Siddhartha Chib gives a talk on conditional moment models. The talk is based on his 2018 Jasa and 2021 Jrss-b paper. The basic idea is simple: how to do Bayesian linear regression $y=x\beta_1 +z\beta_2+ \epsilon$ in the existence of endogeneity—i.e., $\mathrm{E}(\epsilon x) \neq 0$, in which $z$ is the instrument variables such that $\mathrm{E}(\epsilon z) = 0$. In light the two cultures battle, Sib’s approach is certainly on the reduced-form-for-robustness side. The most reduced form in linear regression is probably to only set the first-moment condition: such that $\mathrm E \epsilon (x, z, 1) = 0$ means linear regression without endogeneity while $\mathrm E \epsilon (x, z, 1) = (b, 0)$ is a relaxed model allowing endogeneity. To make Bayesian inference without distributional assumptions, Sib further uses empirical likelihood to make Bayesian inference $\beta \mid y$—the idea is that given any $\beta$, you obtain its profile liklihood from an optimization procedure: $\max_w \prod w_i, s.t., \sum w_i \epsilon_i (x_i, z_i, 1) = 0$. Multiple this $\max_w \prod w_i \mid \beta$ with the prior of $\beta$, you obtain the posterior desnity evaluted at $\beta$. To test between the reduced model and the encompassing model using marginal liklihood, you obtain a valid endogeneity test. Set aside whether I may practically use it in linear regression, i am impressed by the mathematical beauty of the empirical likelihood method.

Will Landau talks about the file management in statistical modeling. He designed a cool pipeline tool targets in R that range the code and data file into a graph that reflects the dependence of the code. The graph representation enables automatic parallelization, file storage, and version control.

Wade Brorsen discusses optimal experimental design in agriculture. Experimental design is one of my favorite topic. The goal is to determine the optimal nitrogen amount in soil for crop yield. Arya reminds me that the model is similar to how pharmacometricians decides the optimal drug dosage in PKPD modeling.

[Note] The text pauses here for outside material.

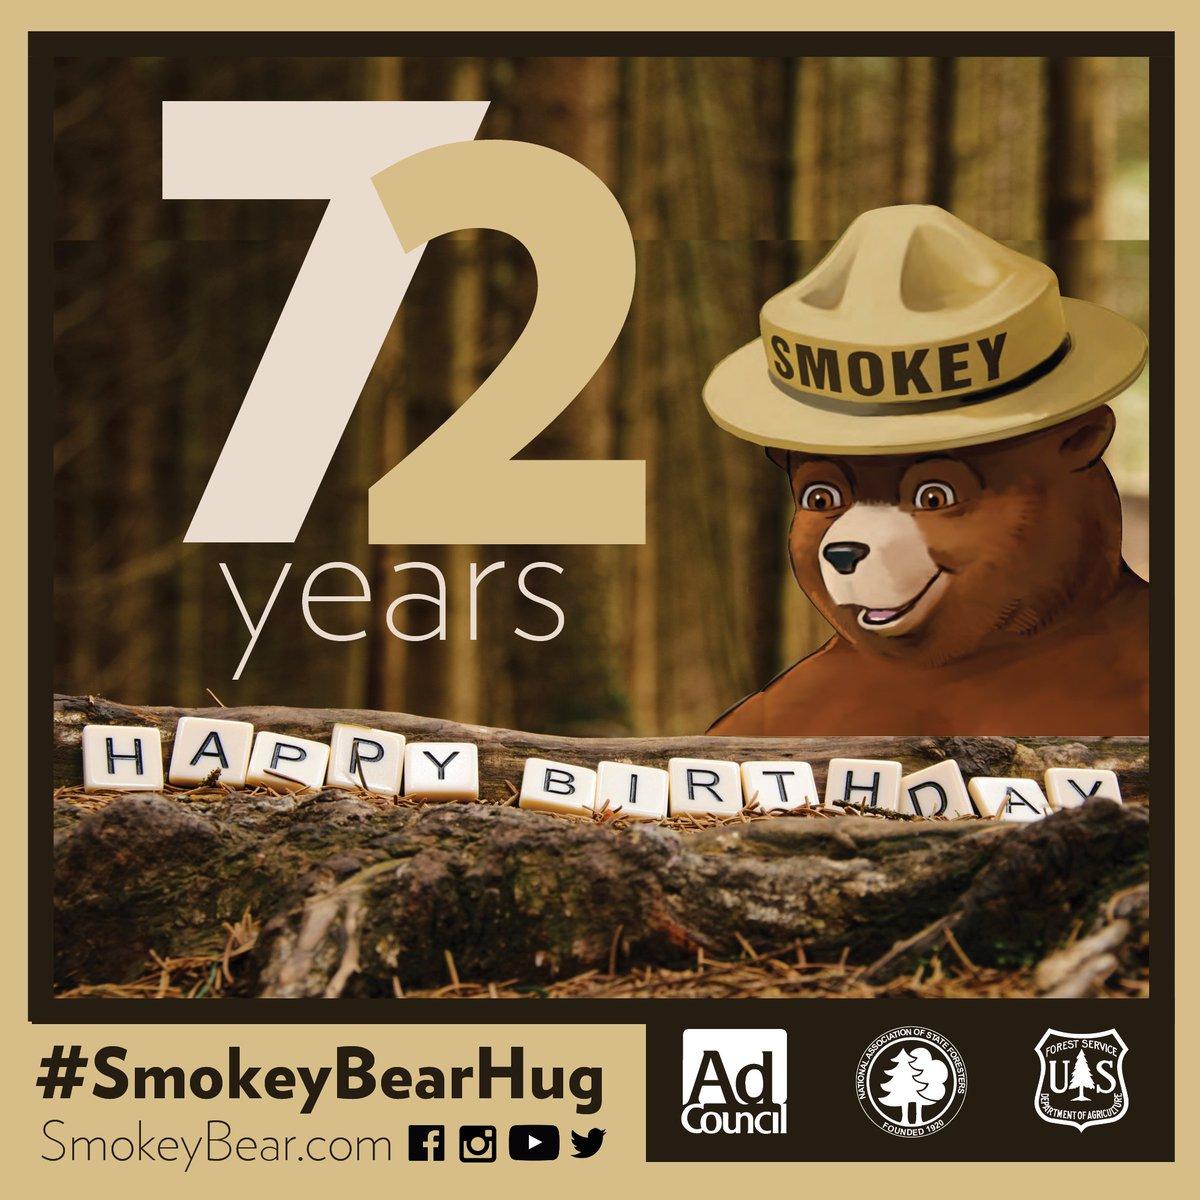 Happy Birthday @smokey_bear https://t.co/wgVDlZbx0I

Cameron Pfiffer introduces the model that describes how likely a reader will subscribed to the news site after paywall. To this end he models the probability that a user reads a news article, and the chance that of a subscription after paywall. It

Collin Cademartori presents “Two Challenges for Bayesian Model Expansion”—i think one of his main claim is that model expansion reduced identifiability, but it appears that his identifiability defincaiton is the mutual information between data and parameter. I do not know. I probably won’t be worried if the the correlation between data and parameter reduces from 0.9 to 0.8, and I probably won’t call that poor identifiability.

Nathaniel Haines discusses the loss rate modeling in insurance industry, which they are using in an investment firm to help investor to trade investment-grade securities. To incorporate various risk models, they have been using hierarchical staking in their pipeline, cool!

Finally, Bob wrapped the conference by pointing out a few ongoing promising directions in stan implementation, including generalized HMC, massive parallelization, and normalization flow VI.